|
›› 2013,Vol. 28 ›› Issue (6): 973-988.doi: 10.1007/s11390-013-1392-7
所属专题: Data Management and Data Mining
• Special Section on Selected Paper from NPC 2011 • 上一篇 下一篇
Ying-Jie Shi1 (史英杰), Xiao-Feng Meng1 (孟小峰), Senior Member, CCF, Member, ACM, IEEE Fusheng Wang2, 3, and Yan-Tao Gan1 (干艳桃)
Ying-Jie Shi1 (史英杰), Xiao-Feng Meng1 (孟小峰), Senior Member, CCF, Member, ACM, IEEE Fusheng Wang2, 3, and Yan-Tao Gan1 (干艳桃)
随着云数据管理系统的不断发展,很多开源的云数据管理系统如HBase、Hive、Pig和Cassandra等引起了工业界和学术界的广泛关注。与传统具有完善优化技术的关系数据库相比,云数据管理系统发展时间较短,在性能方面有很大的改进空间。

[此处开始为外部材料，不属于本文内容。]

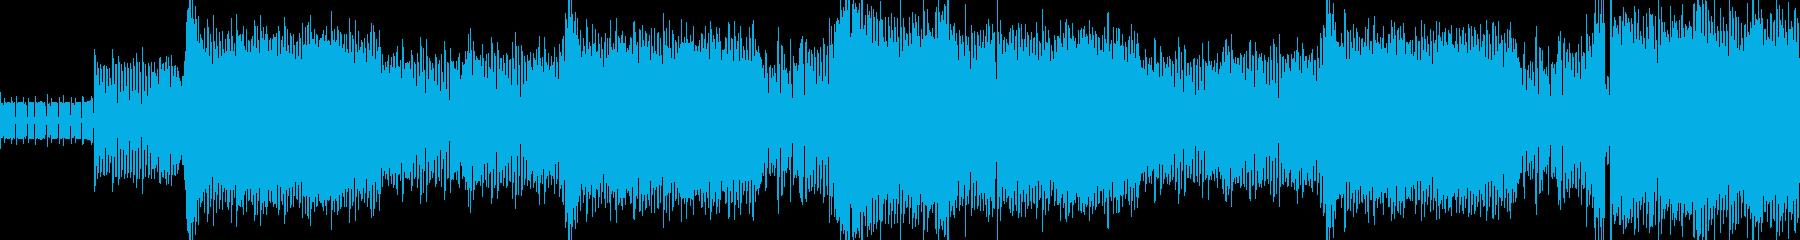 疾走感の爽やかでカッコいいEDMの再生済みの波形

在传统的关系数据库中,对于数据分布的总结性信息和统计信息对查询优化起着重要的作用,而直方图正是最有效和最常用的数据分布和统计信息总结方法。在云数据管理系统中,直方图在提高数据存取性能等方面有着重要的作用。首先,直方图为选择最有效的查询执行计划提供了重要参考信息。云计算中大部分查询通过MapReduce框架实现,对于一个给定的查询,往往存在多种基于MapReduce的实现策略。如何根据数据的分布情况选择合适的执行计划是查询优化中的一个重要问题,而直方图则能提供参考信息。其次,直方图提供的基本统计信息可用于负载均衡。负载均衡是影响云计算中查询性能的一个重要因素,因为云计算中的查询往往并行执行。在MapReduce处理框架中,map任务的输出结果根据其键值被哈希分区到多个reduce任务中。如果在该过程中数据倾斜严重,就会导致reduce任务负载不均衡,从而降低查询性能。基于分区键值构建直方图可以有效的辅助设计哈希函数来保证负载均衡。第三,在进行连接的过程中,体现数据分布的直方图有助于减少数据的传输代价,而传输代价是云计算中的一项重要资源。基于连接键值构建的直方图能够帮助避免将不满足连接谓词的数据传输到同一个节点上。除此以外,直方图信息还有助于优化云计算系统中的运行参数设置,在提高用户反馈质量、优化任务调度和资源分配等方面也起着重要作用。基于大规模的海量数据构建完全精确的直方图代价很大,因此对直方图进行估计更具有实际意义。然而由于云计算环境中数据组织和处理模式的特殊性,使得该问题的解决面临很大的挑战。文章提出了对云计算中数据的直方图进行估计的技术HEDC++(An Extended Histogram Estimator for Data in the Cloud),对等宽直方图和等深直方图两种最常用的直方图类型分别提出了相应的估计方法。HEDC++基于改进的MapReduce处理框架提出了直方图估计的数据处理流程,并设计了相应的采样机制保证采样的效率和估计结果的准确性。在Hadoop平台上对HEDC++进行了广泛的实验,实验结果表明HEDC++能够有效的对不同分布的云数据提供直方图估计,其性能优于已有工作。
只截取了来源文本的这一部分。